══ Supplied information ══

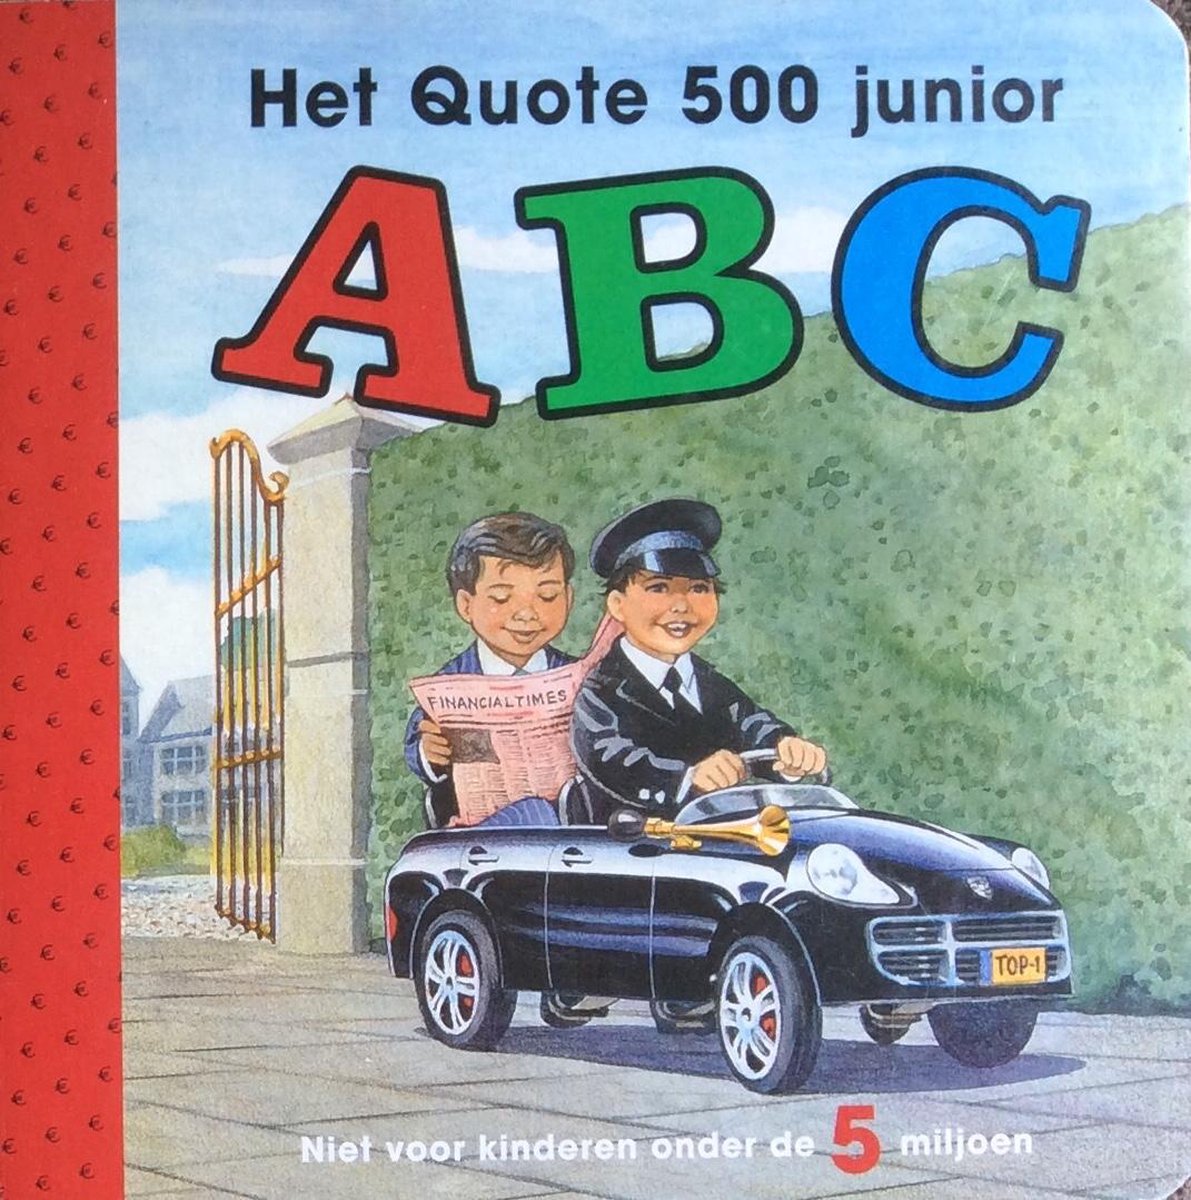 Het Quote 500 junior ABC
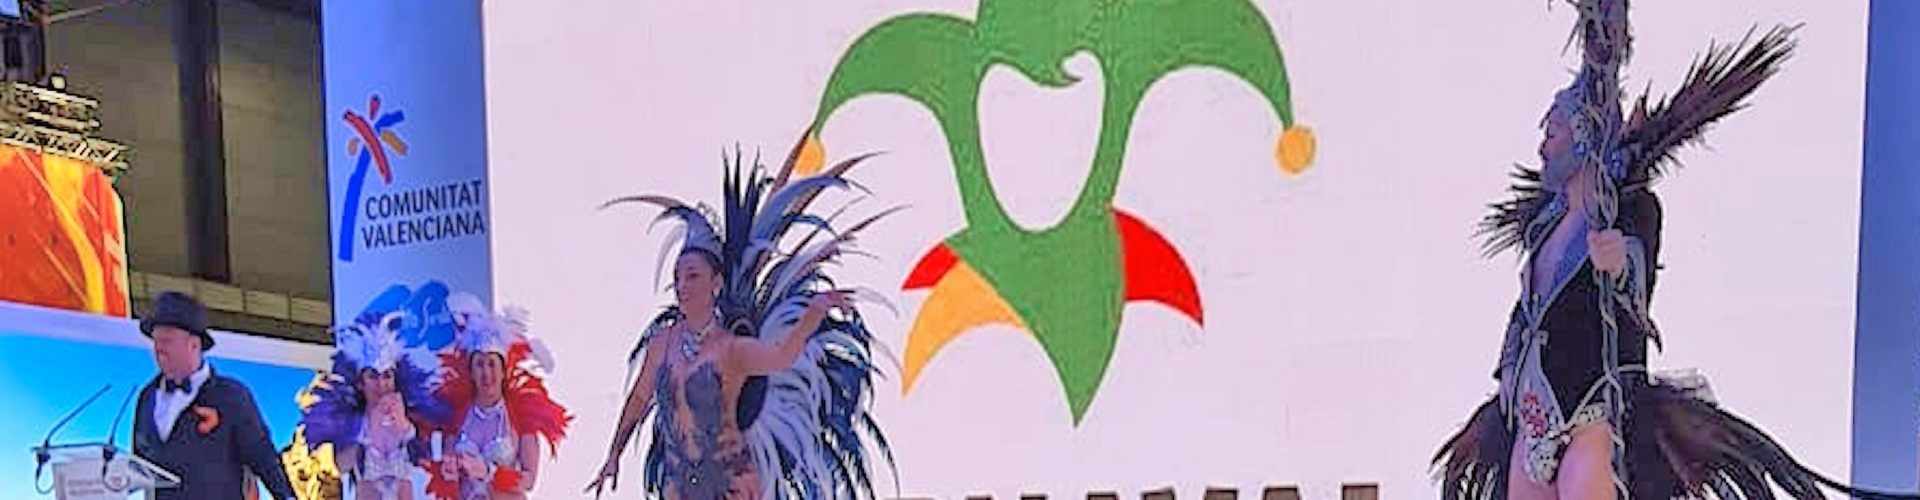 Vídeos i fotos: El Carnaval de Vinaròs, a FITUR
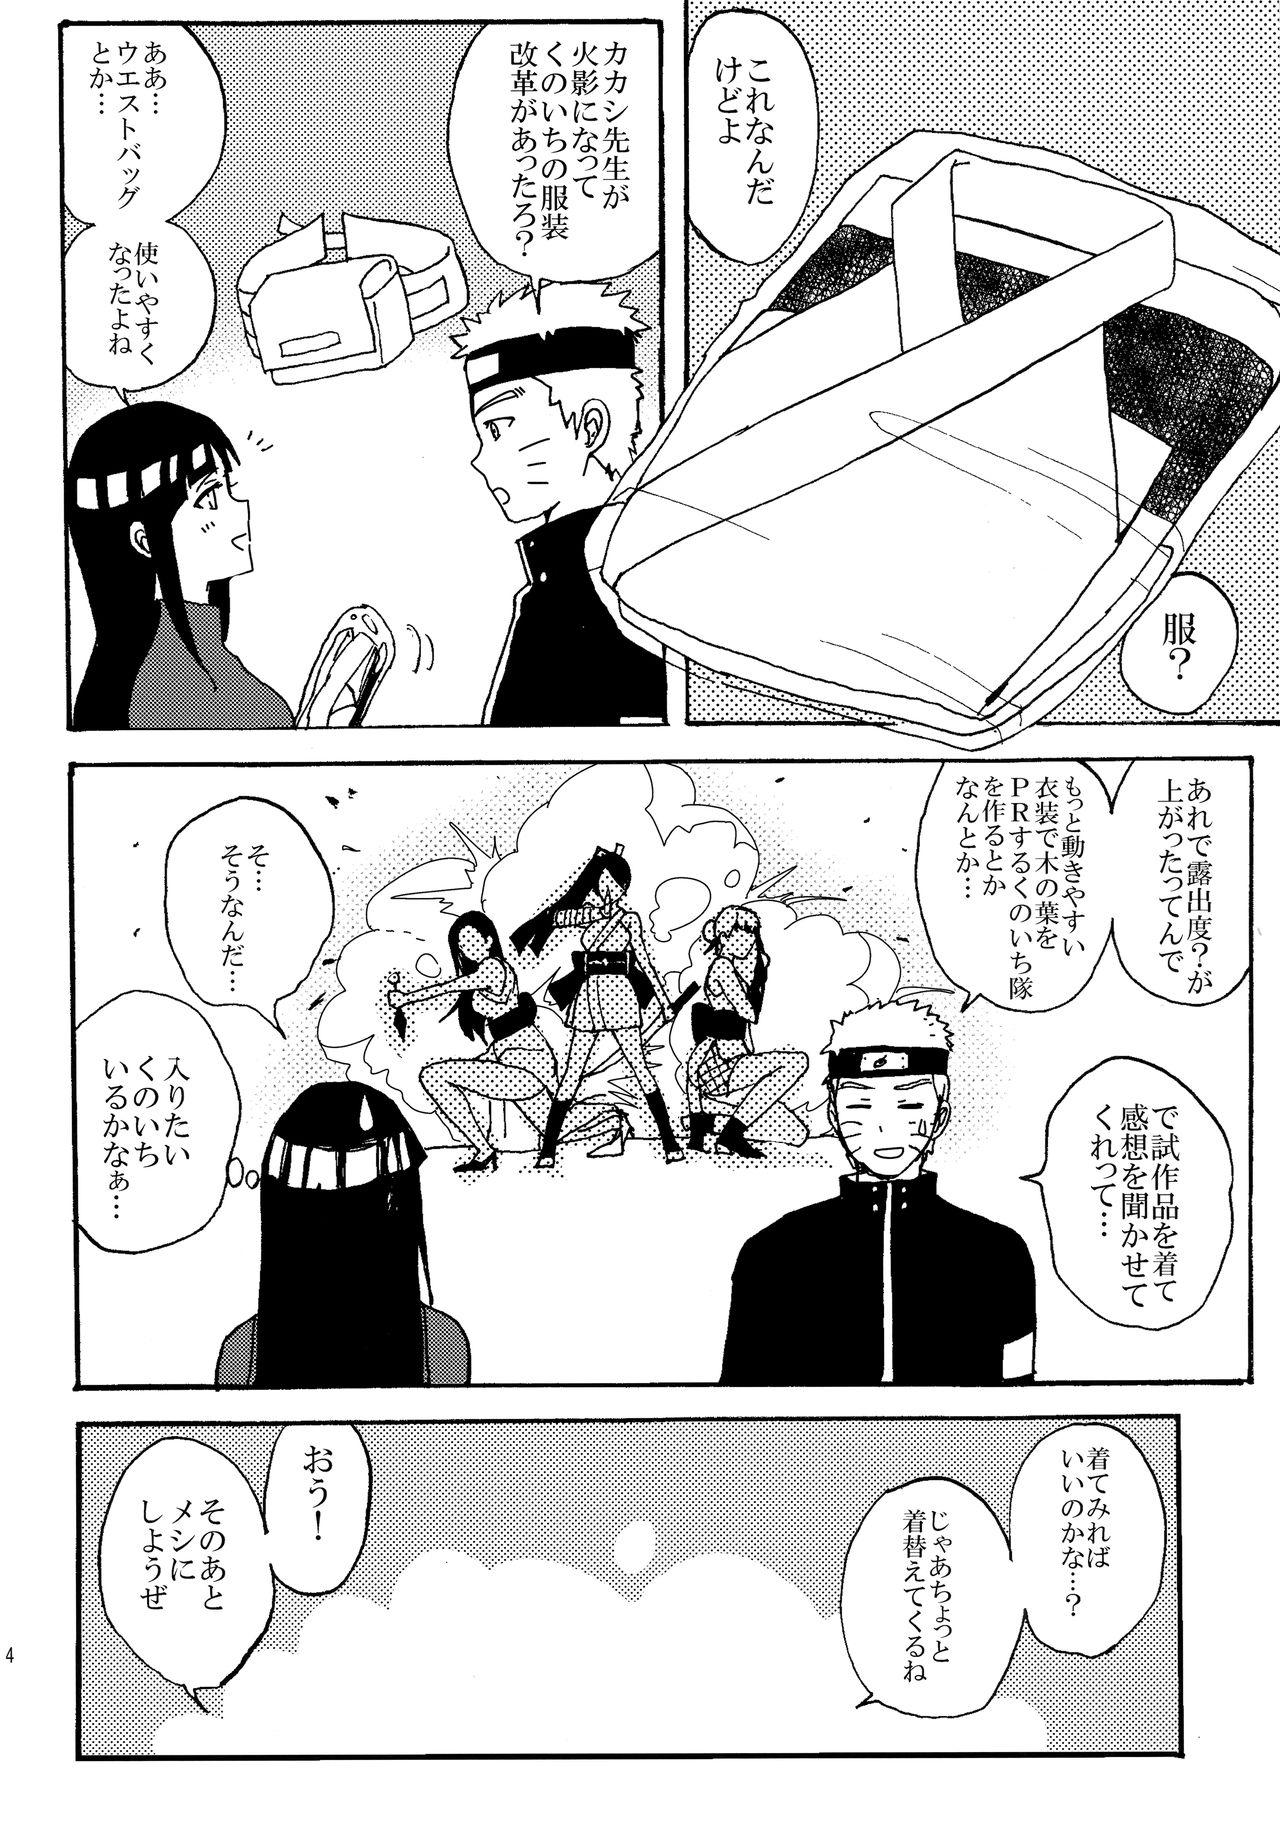 Footjob Shinkon Hinata no Kunoichi Cosplay datteba yo! - Naruto Bottom - Page 3

═══

## Work instruction:
Would you restate the listing word for word without its pictures?

## Your response:
 Het Quote 500 junior ABC
 Vídeos i fotos: El Carnaval de Vinaròs, a FITUR
 Footjob Shinkon Hinata no Kunoichi Cosplay datteba yo! - Naruto Bottom - Page 3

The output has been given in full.